True.  The current mechanism is tedious and either requires intervention
from the user are requesting updates to the regexp.

> I'd like to propose to use 'file' command to decide whether to scan a file or 
> not. All files of mime type 'text/*' and 'application/xml' would be scanned.
> (Note that file is already used to find the charset of each scanned file.)

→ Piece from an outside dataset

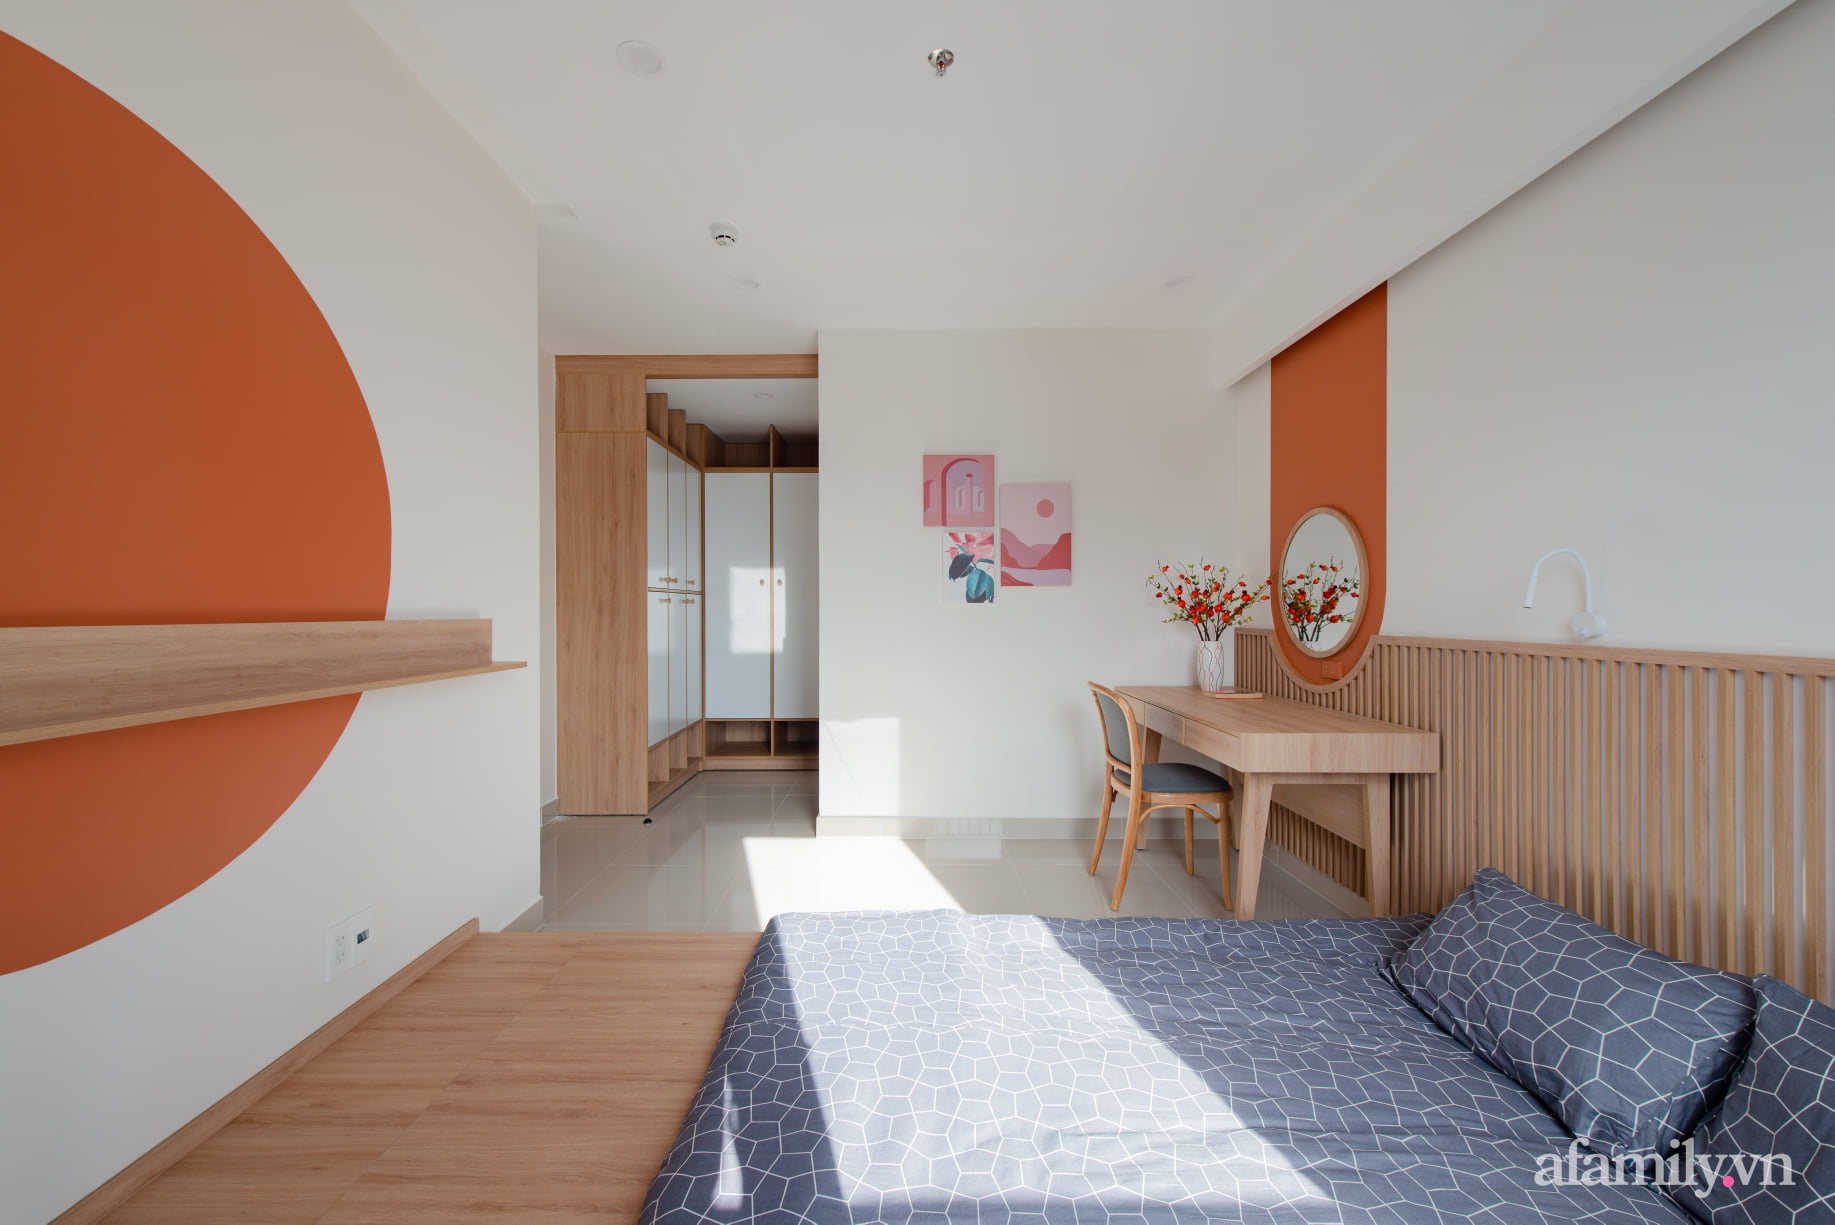 Căn hộ 78m² với tông cam đất ngọt ngào cùng đường cong mềm mại mang hơi hướng phong cách Nhật ở Nha Trang - Ảnh 17.

If I understand correctly, you're proposing something like the attached,
untested patch.  Keep the -c switch so users can still filter by
extension if they like, but by default find all files and filter based
on file type.

> This way, I think that licensecheck would miss less source files.

Sounds good to me.

Cheers,
-- 
James
GPG Key: 4096R/331BA3DB 2011-12-05 James McCoy <[email protected]>
diff --git i/scripts/licensecheck.pl w/scripts/licensecheck.pl
index bac3353..d92def9 100755
--- i/scripts/licensecheck.pl
+++ w/scripts/licensecheck.pl
@@ -168,9 +168,6 @@ my $default_ignore_regex = qr!
 \.shelf|_MTN|\.bzr(?:\.backup|tags)?)(?:$|/.*$)
 !x;
 
-my $default_check_regex = '\.(c(c|pp|xx)?|h(h|pp|xx)?|S|f(77|90)?|go|groovy|scala|clj|p(l|m)|xs|sh|php|py(|x)|rb|java|js|vala|el|sc(i|e)|cs|pas|inc|dtd|xsl|mod|m|tex|mli?|(c|l)?hs)$';
-
-
 # also used to cleanup
 my $copyright_indicator_regex
     = qr!
@@ -205,7 +202,7 @@ my %OPT=(
     lines          => '',
     noconf         => '',
     ignore         => '',
-    check          => '',
+    check          => '^',
     recursive      => 0,
     copyright      => 0,
     machine        => 0,
@@ -272,7 +269,6 @@ GetOptions(\%OPT,
 
 $OPT{'lines'} = $def_lines if $OPT{'lines'} !~ /^[1-9][0-9]*$/;
 my $ignore_regex = length($OPT{ignore}) ? qr/$OPT{ignore}/ : $default_ignore_regex;
-$OPT{'check'} = $default_check_regex if ! length $OPT{'check'};
 my $check_regex = qr/$OPT{check}/;
 
 if ($OPT{'noconf'}) {
@@ -459,7 +455,7 @@ Valid options are:
                             (Default: $def_lines)
    --check, -c            Specify a pattern indicating which files should
                              be checked
-                             (Default: '$default_check_regex')
+                             (Default: all text files)
    --machine, -m          Display in a machine readable way (good for awk)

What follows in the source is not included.